Donor T Cells, Low-Dose Aldesleukin, and Low-Dose GM-CSF After Donor Stem Cell Transplant in Treating Patients With Relapsed or Refractory Non-Hodgkin's Lymphoma

NCT ID: NCT00521261

Last Updated: 2014-03-05

Basic Information

• Recruitment Status: WITHDRAWN
• Clinical Phase: PHASE1
• Study Classification: INTERVENTIONAL
• Study Start Date: 2007-10-31
• Study Completion Date: 2008-07-31

Brief Summary

RATIONALE: Giving high doses of chemotherapy before a donor stem cell transplant helps stop the growth of cancer cells. It also stops the patient's immune system from rejecting the donor's stem cells. Colony stimulating factors, such as aldesleukin and GM-CSF, may increase the number of immune cells found in bone marrow or peripheral blood and may help the immune system recover from the side effects of chemotherapy. The donated stem cells may replace the patient's immune cells and help destroy any remaining cancer cells (graft-versus-tumor effect). Giving an infusion of the donor's T cells that have been treated with antibodies after the transplant may help increase this effect. Sometimes the transplanted cells from a donor can also make an immune response against the body's normal cells. Giving tacrolimus and mycophenolate mofetil after transplant may stop this from happening.

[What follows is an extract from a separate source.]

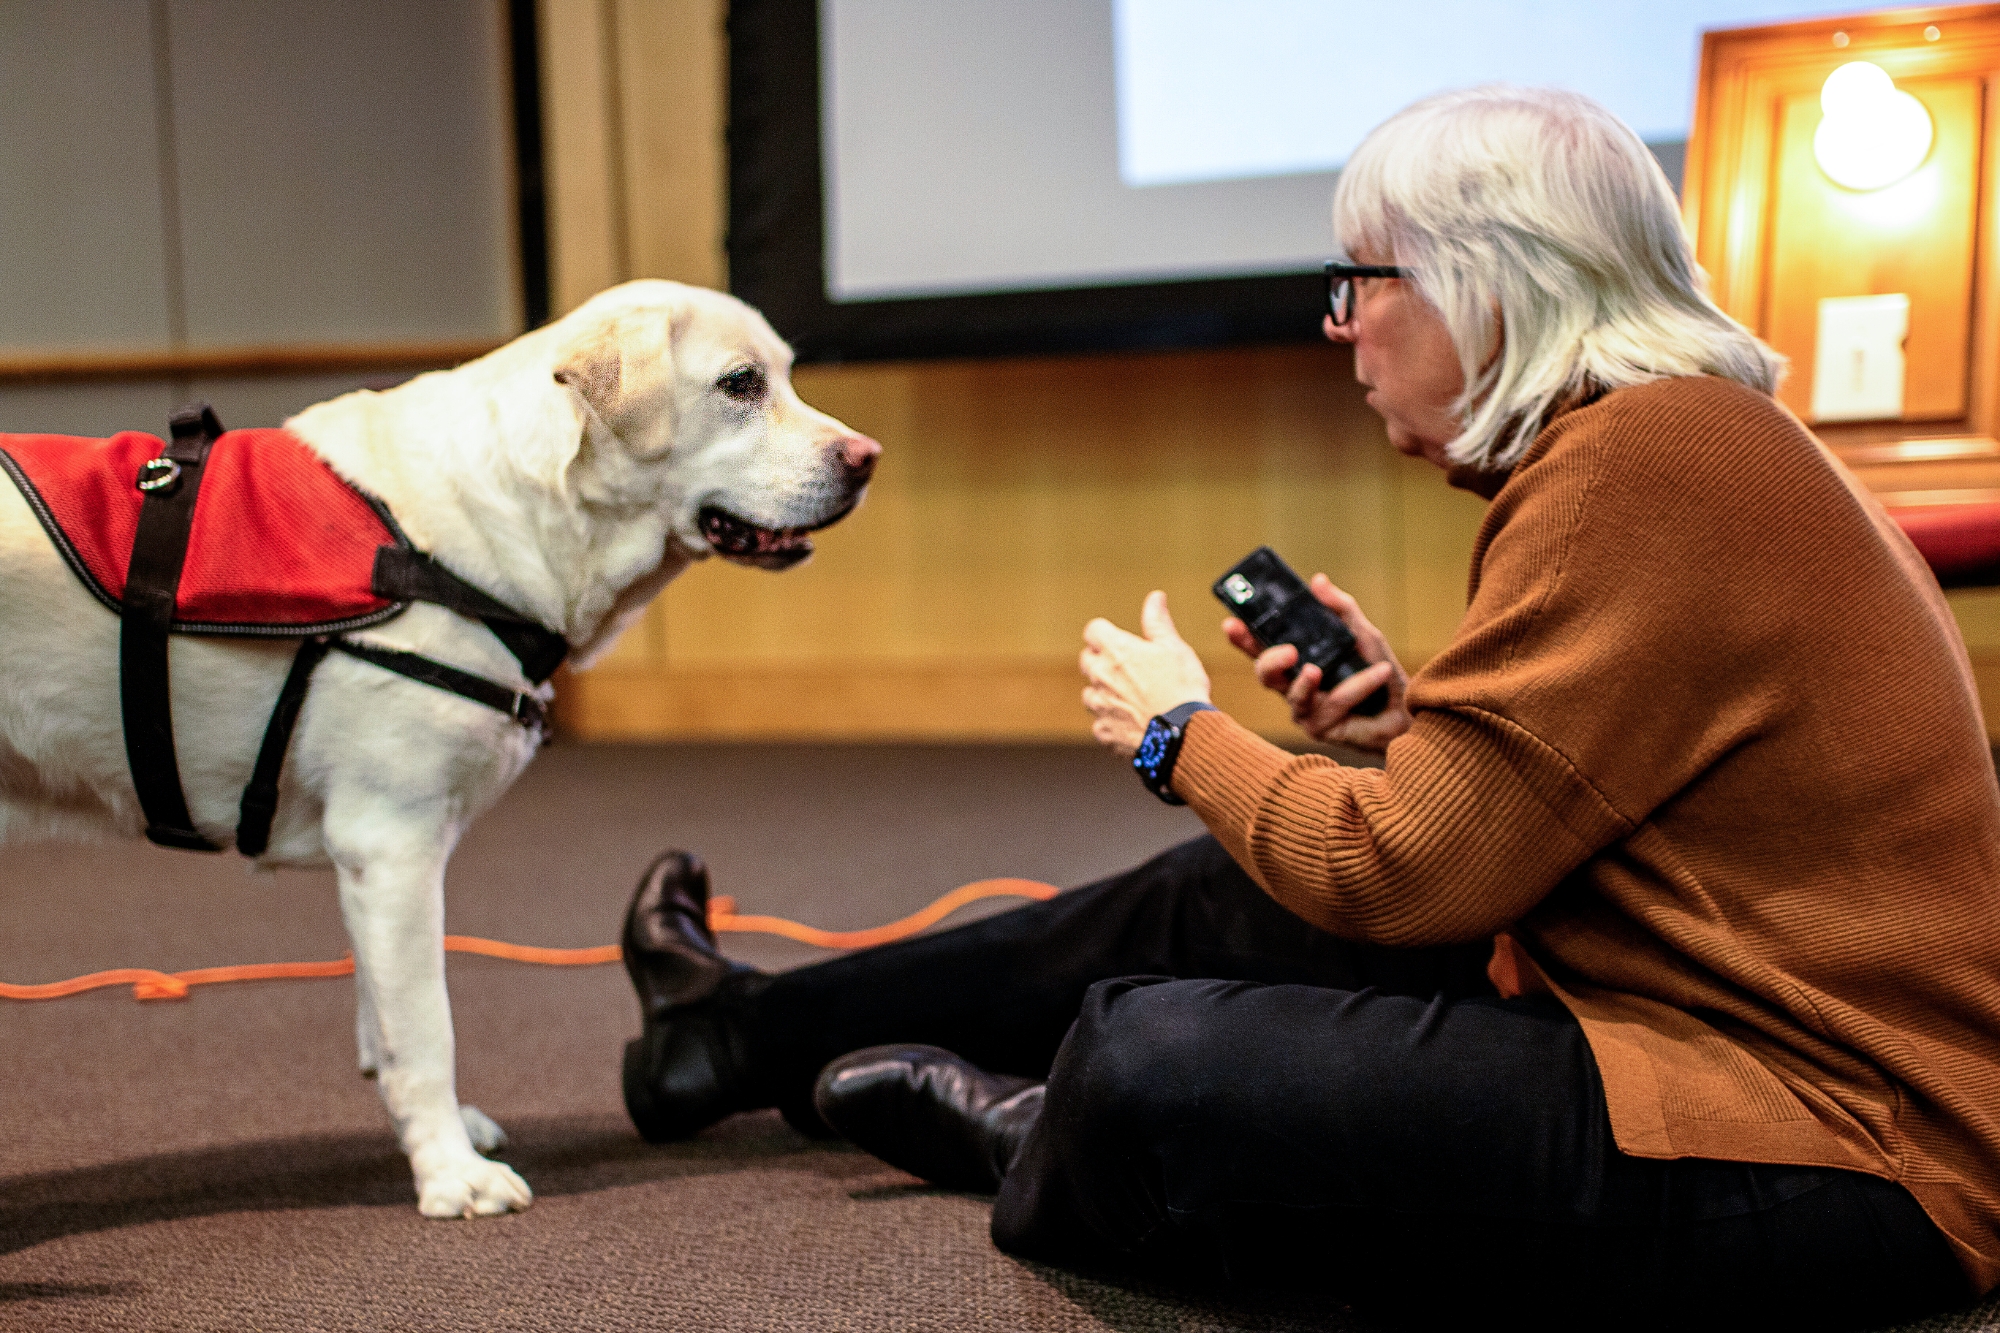 Professor Paws and Mary Isaacson sharing and demonstrating his abilities during presentation

PURPOSE: This phase I trial is studying the side effects and best dose of donor T cells given together with low-dose aldesleukin and low-dose GM-CSF after donor stem cell transplant in treating patients with relapsed or refractory non-Hodgkin's lymphoma.

Detailed Description

OBJECTIVES:

• Determine the maximum tolerated dose of donor-derived allogeneic anti-CD3 X anti-CD20 bispecific antibody (CD20Bi)-armed activated T cells (ATC) when given with low-dose aldesleukin and low-dose sargramostim (GM-CSF) after allogeneic stem cell transplantation in patients with relapsed or refractory CD20-positive non-Hodgkin lymphoma.
• Perform trafficking studies using indium I 111-labeled unarmed ATC and ATC armed with CD20Bi in patients with evaluable lymphoma sites to determine whether armed ATC specifically traffic to tumor sites and correlate these data with CT and PET scans.
• Evaluate immune responses and immune reconstitution of T and B cells.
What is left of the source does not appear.